After about six years of trying, I finally connected using a truly traditional setup. I have killed a number of elk with a recurve in the past but I used sights on that bow. This is the first with a truly traditional long bow. Not the biggest beast roaming the forest but I'm pretty happy.


----------



## polarbear (Aug 1, 2011)

That's awesome! Congratulations!


----------



## APD (Nov 16, 2008)

congratulations, i'd be more than happy with that guy. he looks like at one point he was banging heads.


----------



## AF CYN (Mar 19, 2009)

Impressive accomplishment and great pictures.


----------



## paddler (Jul 17, 2009)

Very nice! I think it's a great trophy given you're using traditional gear. It seems so much archery gear today seeks to eliminate human error; compound bows so you don't have to hold your full draw weight, bow sights so you can just put a pin on it, range finders so you don't have to rely on your eyes, releases to take your fingers out of the equation, etc. Seems strange to participate in a primitive sport and use the most technologically advanced equipment possible. Congratulations.


----------



## burge (Sep 11, 2007)

Hats off to you bds.


----------



## bds (Sep 20, 2007)

Thank you guys. The whole hunt was a lot of fun. I owe a lot to my friend Bob who did the calling and took great pictures. I'm looking forward to returning the favor next year.


----------



## TEX-O-BOB (Sep 12, 2007)

Good on ya buddy! Imagine that, just your eye and your hand guiding that arrow! 8)

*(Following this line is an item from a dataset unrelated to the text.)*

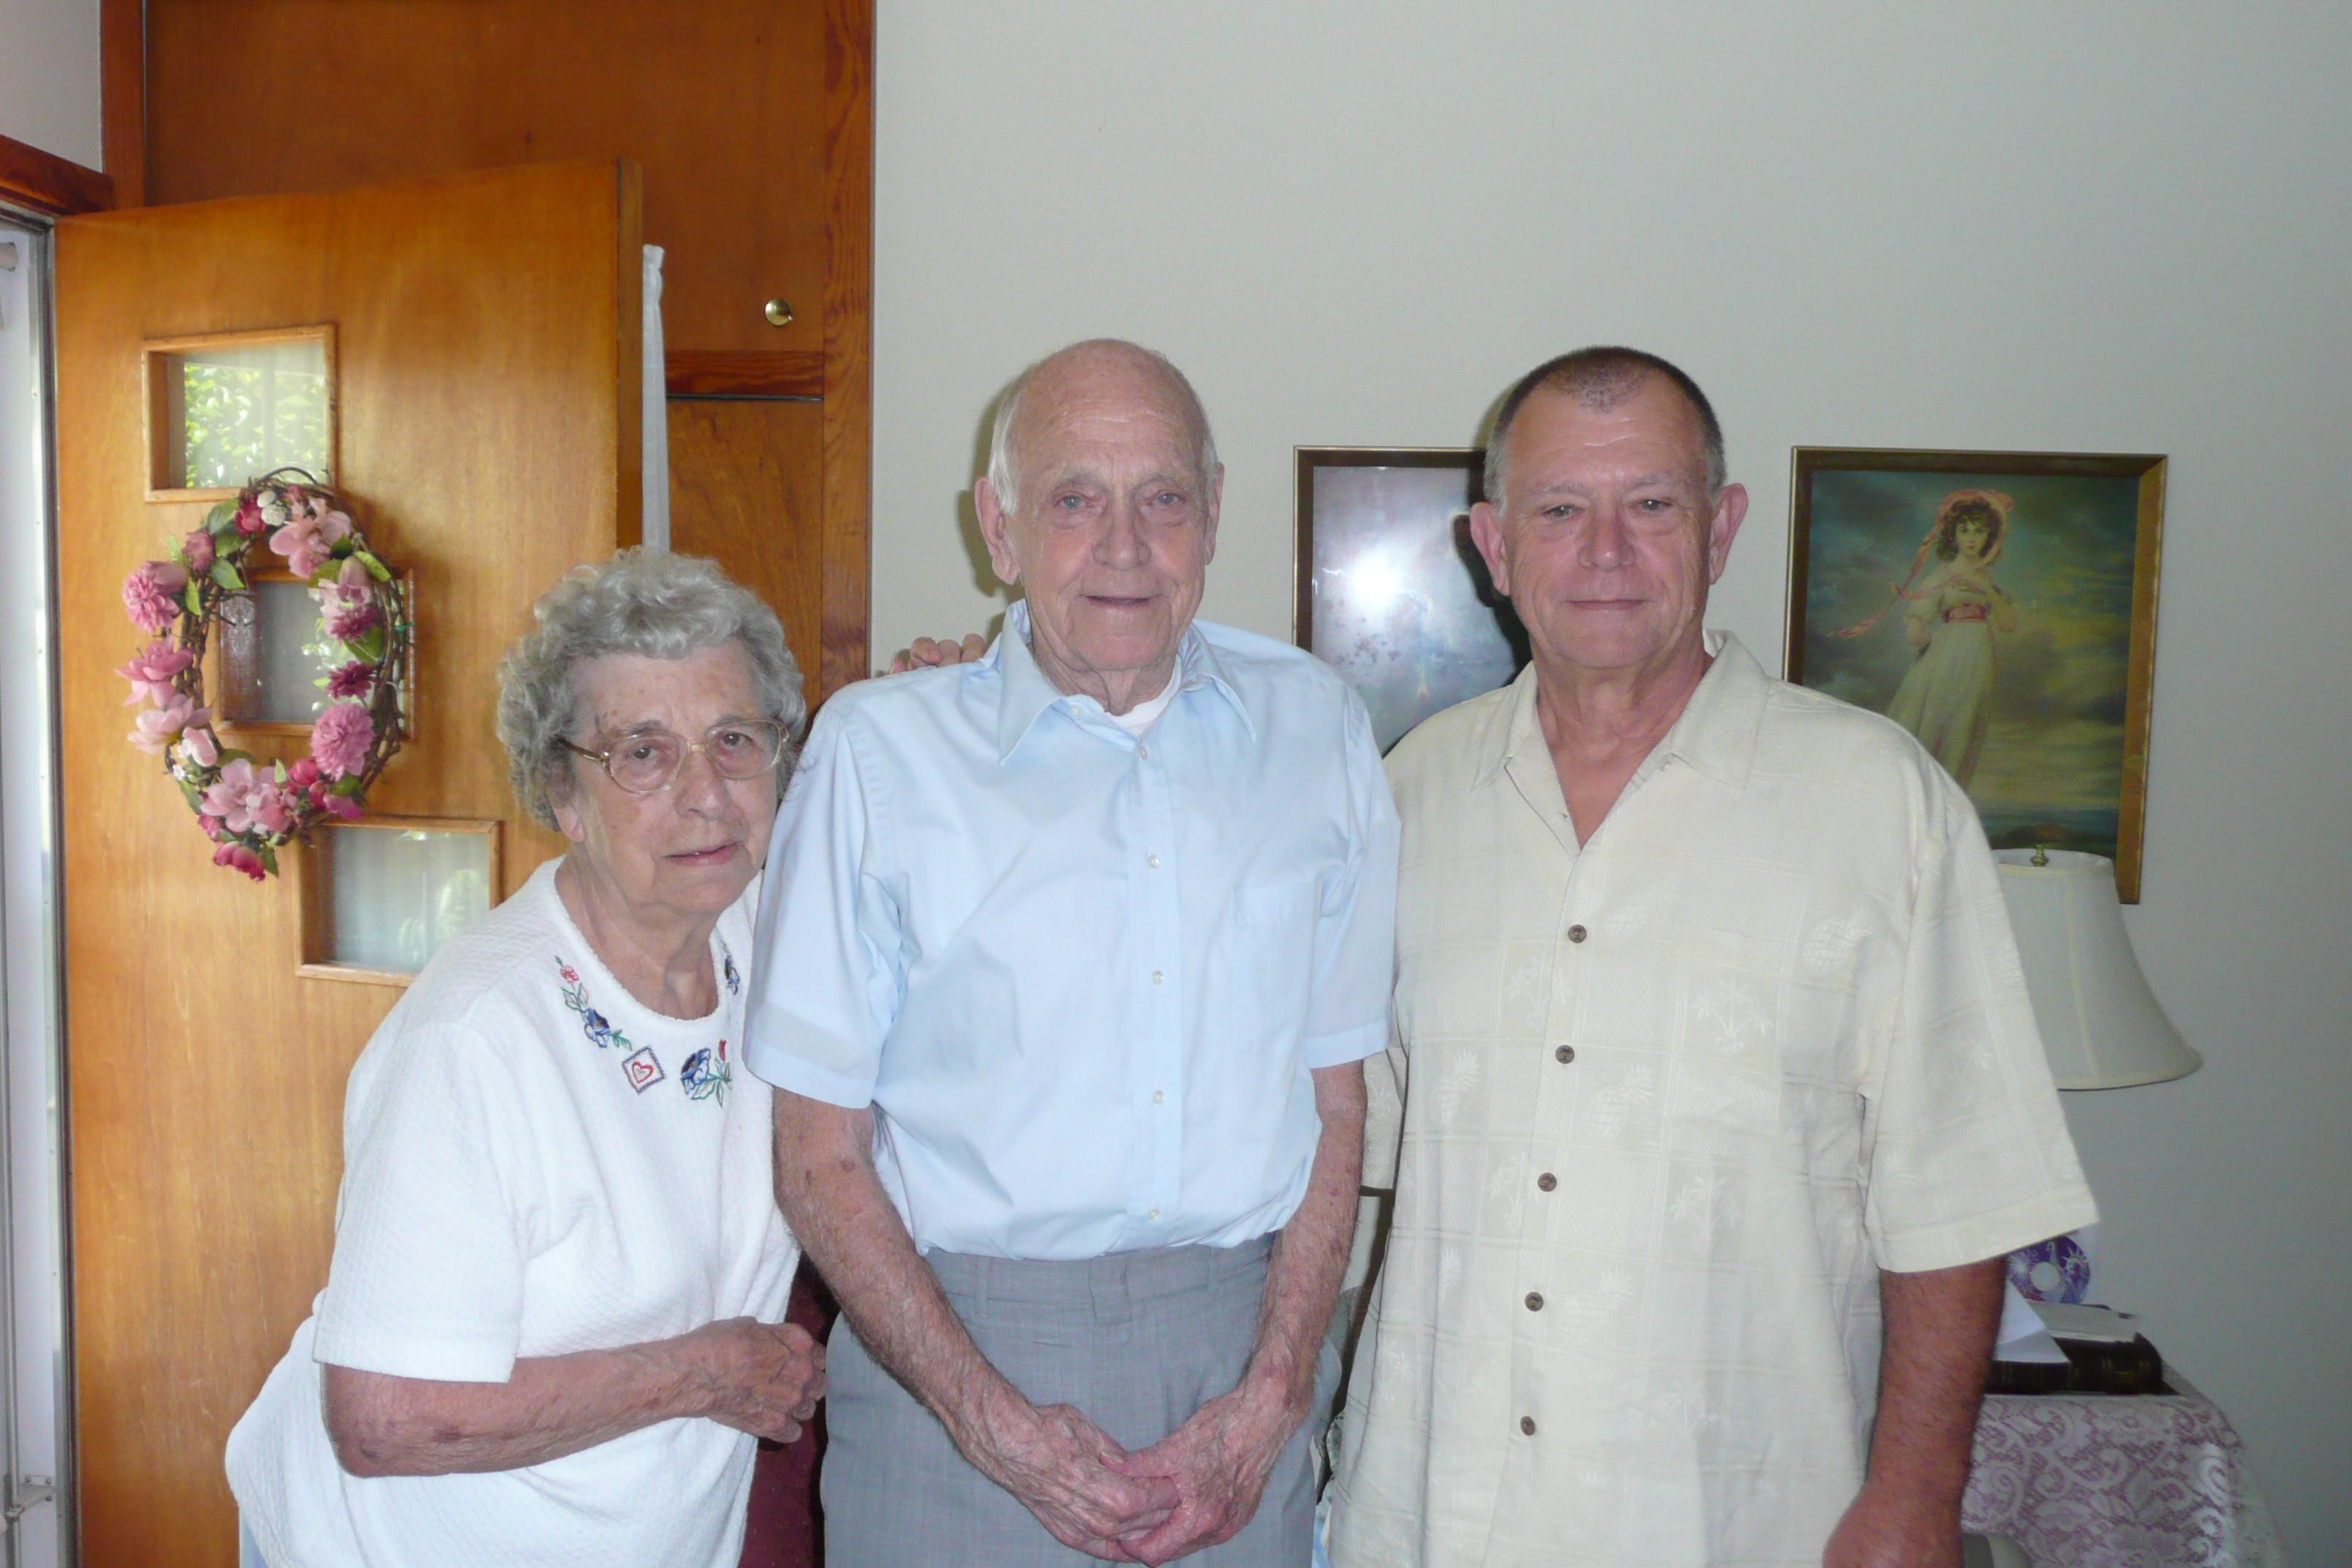 Grandma, Pepa, and Dad.  June 21, 2009

Outstanding! That bull looks a lot like my first trad elk kill.


----------



## outdoorser (Jan 14, 2013)

That there's pretty cool, bds.


----------



## fur-fins & feathers (Sep 21, 2013)

That's a very nice bull, bds...trad bow or not. I like the aspen leaves you placed respectfully in his mouth as a tribute. Way to go, friend.


----------



## swbuckmaster (Sep 14, 2007)

Pretty cool


----------



## torowy (Jun 19, 2008)

Nice, anyone that can seal the deal with that equipment has my respect.


----------



## longbow (Mar 31, 2009)

Congrats on an awesome kill. Weren't no harder with a bow than with a compound now were it?


----------



## WeaselBrandGameCalls (Aug 16, 2010)

Well done!


----------



## bds (Sep 20, 2007)

Tex, you're right, they could be brothers. That's a pretty impressive collection of photos of elk, birds and other stuff you have.

Longbow, nope, in the end, it really wasn't harder but I must have had some sort of mental block because I sure missed a lot. Hopefully this one broke the ice and I'll be more consistent from here on out.


----------



## Mountain Time (Sep 24, 2007)

Awesome....nothing but respect for a guy who can get it done using traditional gear. Maybe one day I will be able to drop the training wheels and go for it....

Congrats a on fine trophy.


----------